▸ **What to do**
Copy, word for word, the lines of the listing below from the line with "Chart outlining recommendations" up to and including the line with "lobby, elevator, and glass office entrance". Drop the pictures.

Extracted data section start

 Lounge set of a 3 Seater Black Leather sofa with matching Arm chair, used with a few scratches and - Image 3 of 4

Extracted data section end
Extracted data section start

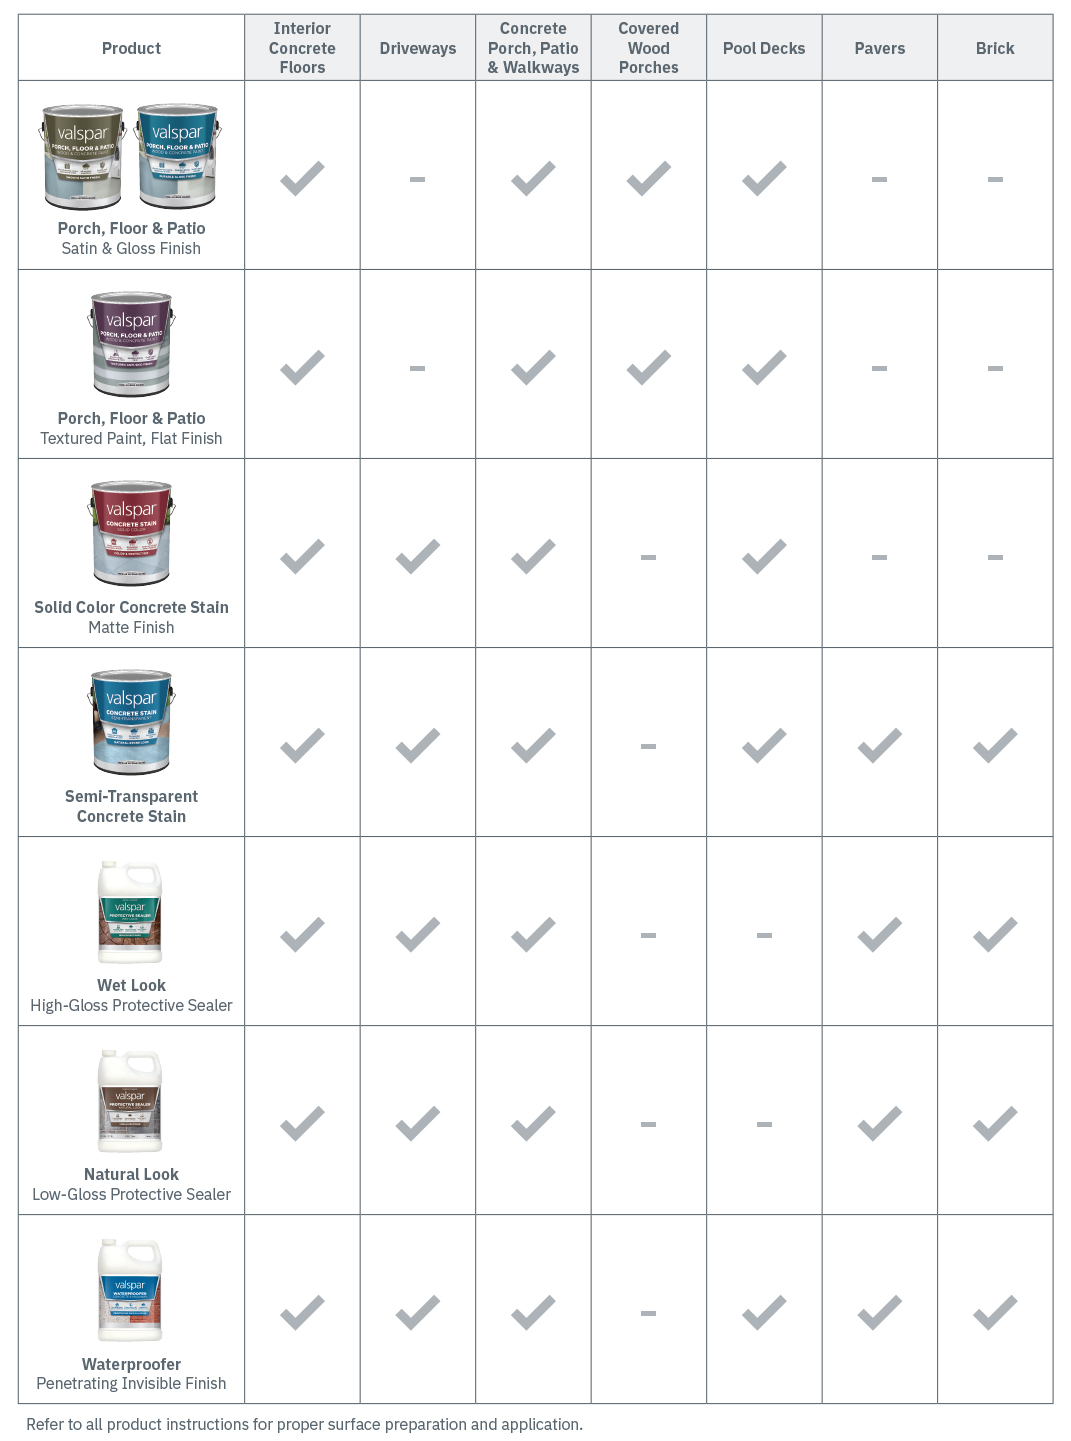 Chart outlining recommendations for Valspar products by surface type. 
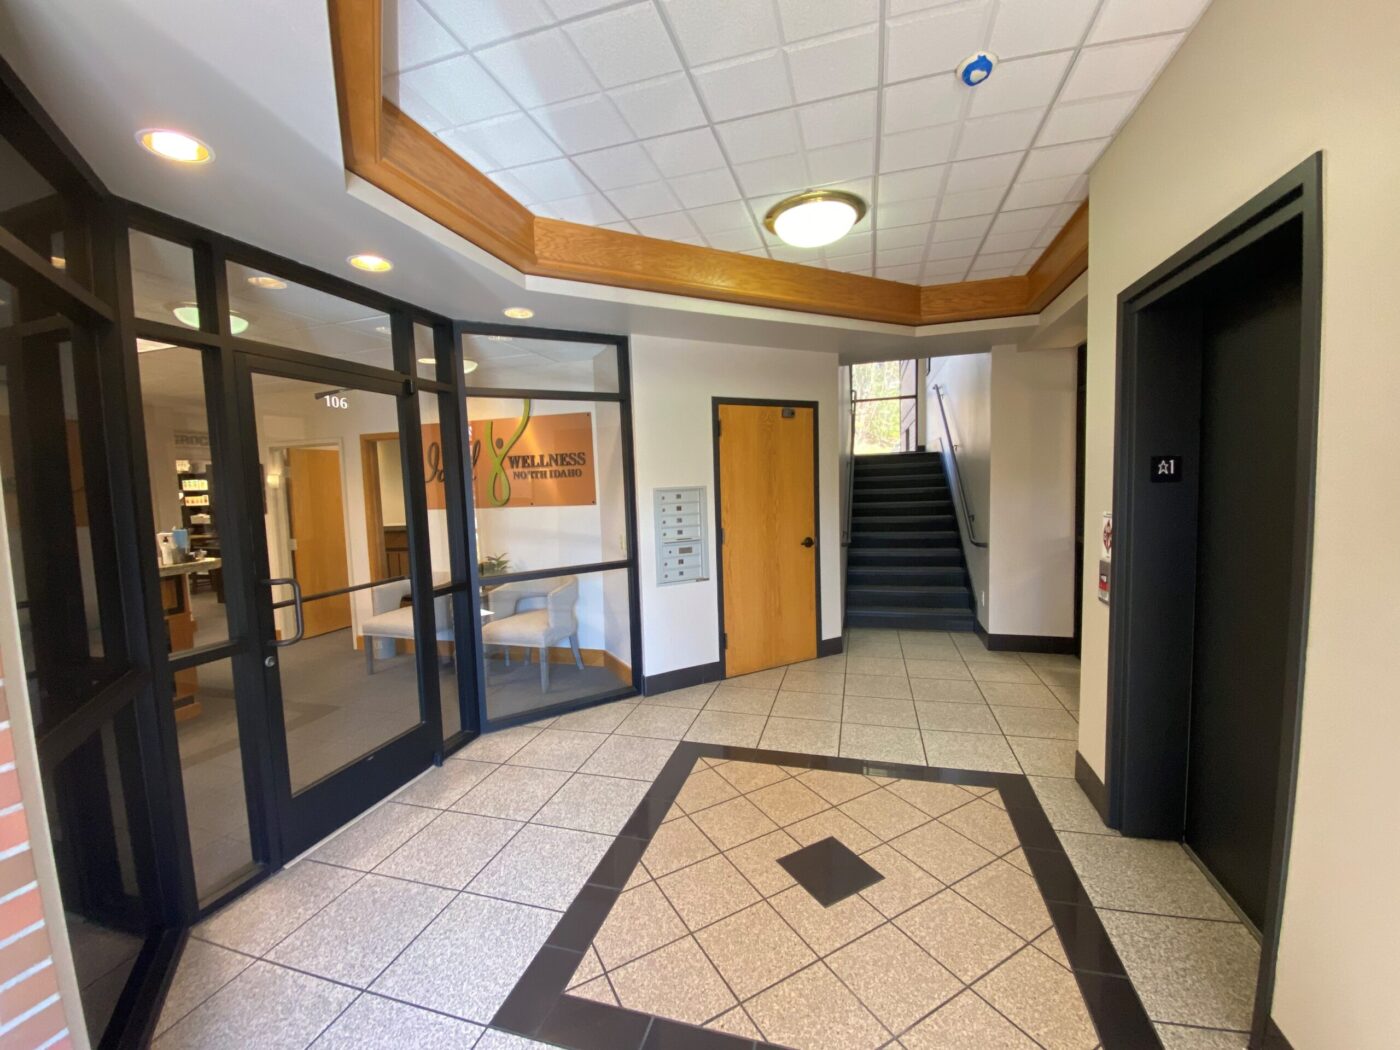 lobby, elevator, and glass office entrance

Extracted data section end

▸ **Exercise response**
 Chart outlining recommendations for Valspar products by surface type. 
 lobby, elevator, and glass office entrance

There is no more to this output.